Losing ourselves and allowing God’s will to be done in our lives regardless of the outcome can feel counter-cultural to the world’s standards. We gain no fans when we chose to swim in the opposite direction to everyone else but this is where we become ourselves. Just ask Jesus’ twelve disciples. However, when we know God isn’t our biggest fan after all, but He is actually our Saviour and King who paid the ultimate price to save us from an eternity without Him, we can confidently become wholly His because our relationship doesn’t depend upon popularity or fan-based mindsets.  

Saying God is your biggest fan cheapens His grace and power that enables us to fully put Him first in our lives as our faith deepens into trust and develops as we remember what He has done for us. Our relationship should not be based on whether He answers all our prayers and requests because we view Him as our biggest fan but because of who He is. He is the Alpha and the Omega, the First and the Last, the Beginning and the End as stated in Revelation 22:13.

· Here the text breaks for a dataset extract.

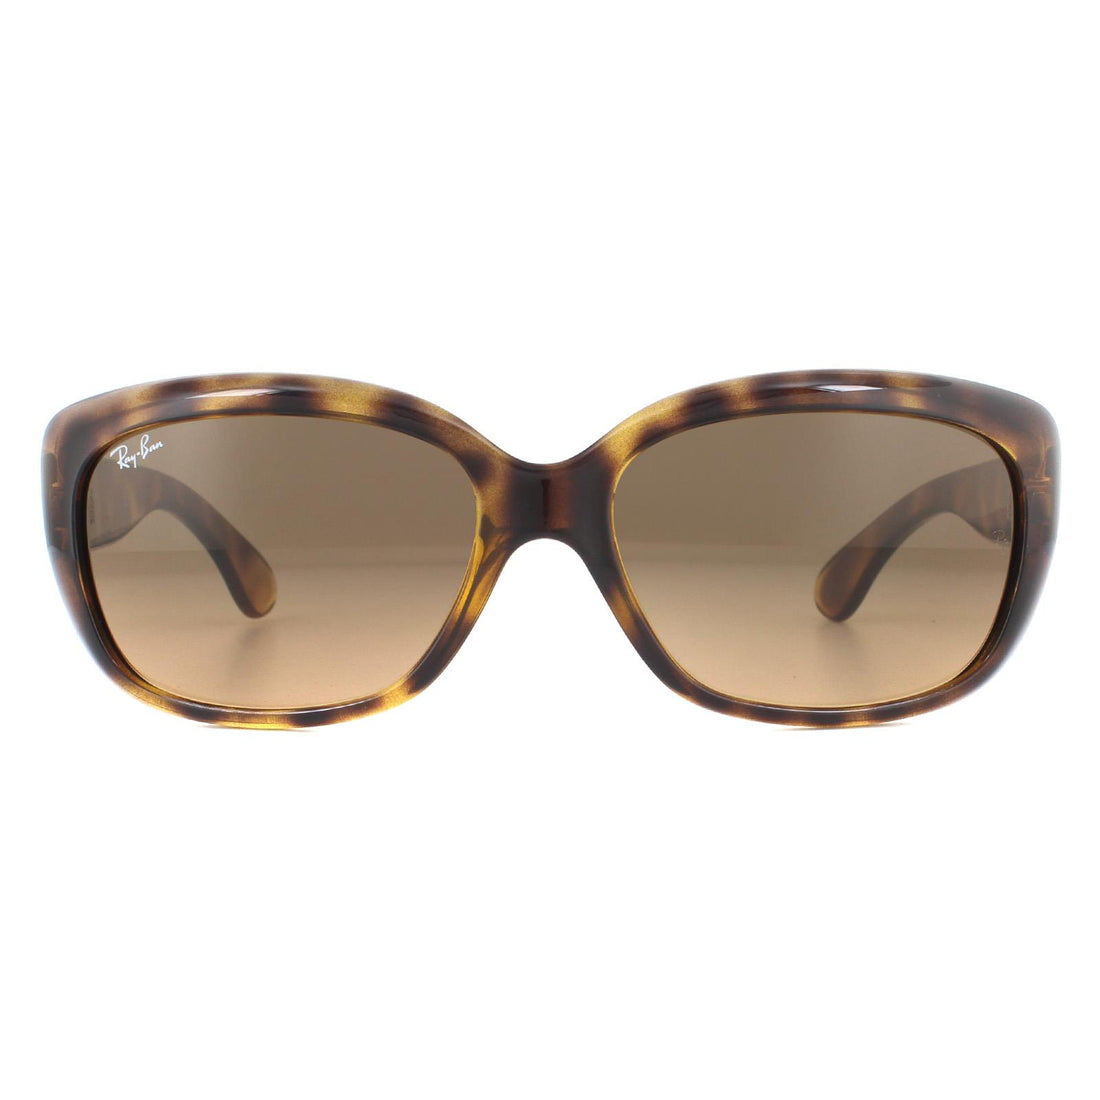 Ray-Ban Sunglasses Jackie Ohh RB4101 642/43 Havana Light Brown Black Gradient

When we view God as our biggest fan it is then we who become the centre of attention when it should be Him who gets all our adoration and attention. So, what I’m trying to say is that we need to flip the script that God is our biggest fan and become His biggest fan. The ones who decide to not go and rub any lamps in the hope of finding a genie who is going to grant their every wish, but to find a Saviour who came to earth and decided to rescue, redeem and restore us even when it was unpopular. A King who deserves each one of us to be His biggest fan.

Wendy xo

Have you heard the saying that God is your biggest fan? How has this blog post changed your view of that statement? 

I pray today that you will know the depth, width, and length of God’s love for you and that you will become His biggest fan. Amen.